Freitag, Februar 27, 2009

Explosion (Teil 2)

Schorsch stülpt die Gotcha-Maske mit einer fließenden, nahezu geschulten Bewegung über den Kopf. Flink greift er nach seiner Jacke, zieht sie an und verschließt den Reißverschluss sorgfältig. Er greift sich den Besenstil, den er bereits bei der letzten Aktion vom borstigen Ende befreit hatte. Das Klebeband liegt griffbereit. Das lange scharfe Messer schnürt er gekonnt an das obere Ende des Stils. Er schaut sich um und entdeckt die dicke Decke im Wohnzimmer, die er noch schnell vor sich in den Flur wirft. Dann duckt er sich hinter die helle Holzplatte, hält diese im festen Griff und macht sich bereit für den Angriff.

"Hey Moment", schreit Murmel dazwischen. "Wie ist das Passwort man, sag das Passwort."
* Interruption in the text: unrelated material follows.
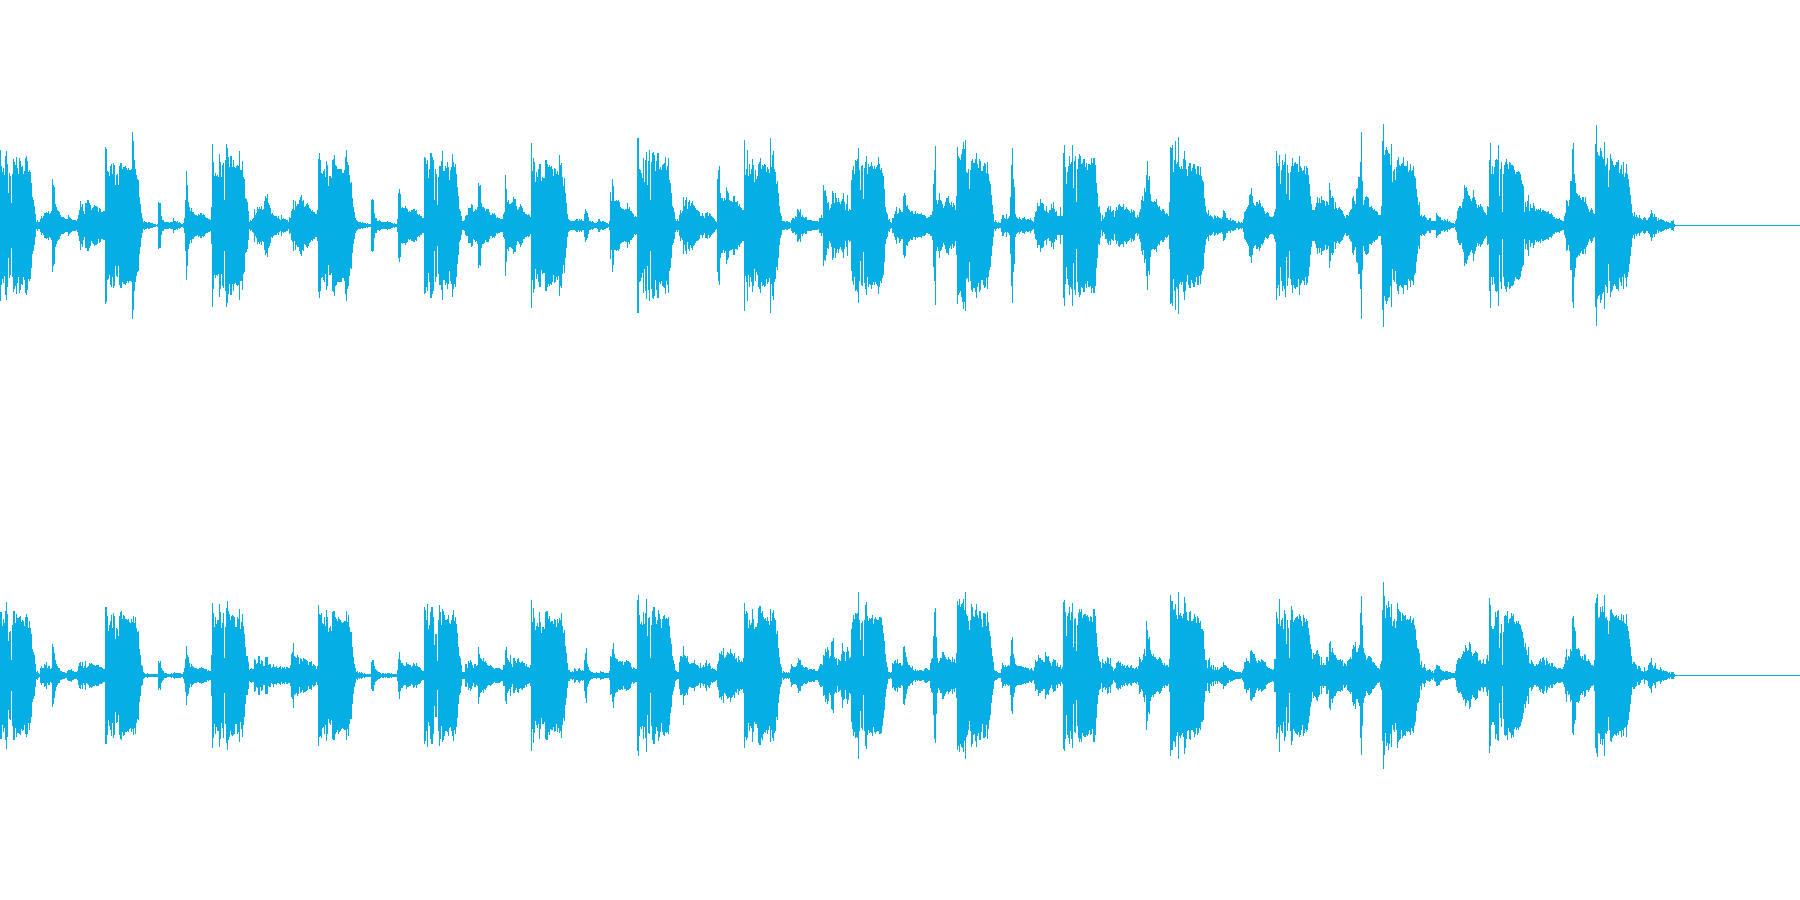 落ち着いたテクノ風BGMの再生済みの波形

"Hä, waf meinft duuu?" grummelt Schorsch nur schwer verständlich mit hochrotem Kopf hinter der Maske.

"Das Passwort, man, ich brauche es für deinen PC. Wenn du drauf gehst, dann krieg ich den natürlich."

"Wschorchwmumelfwei", grummelt Schorsch zurück.

"Schorschmurmelzwei. Ok. Groß und Kleinschreibung? Ach was, das finde ich schon raus." Murmel wendet sich zu Lenny_und_Karl.

"Wenn der ins Krankenhaus muss, ist schon klar, dass du da mitfährst. Ich kann das nicht machen."

"Warum?"

"Na ich muss dann den PC in mein Zimmer tragen."

Klatschend schlägt das Holz gegen den Türrahmen. Schorsch hat sich in Bewegung gesetzt. Langsam robbt er in den Flur. Nach und nach schiebt er die hölzerne Platte vor sich her. Seine Jeans schabt über das Linoleum. Mit einem Ruck wirft er die Decke über die Plastikflasche. Er führt vorsichtig das Entschärfungsmesser am Stab zur Flasche und mit einem lauten "Pffffffffiiiffffff" entweicht der Druck.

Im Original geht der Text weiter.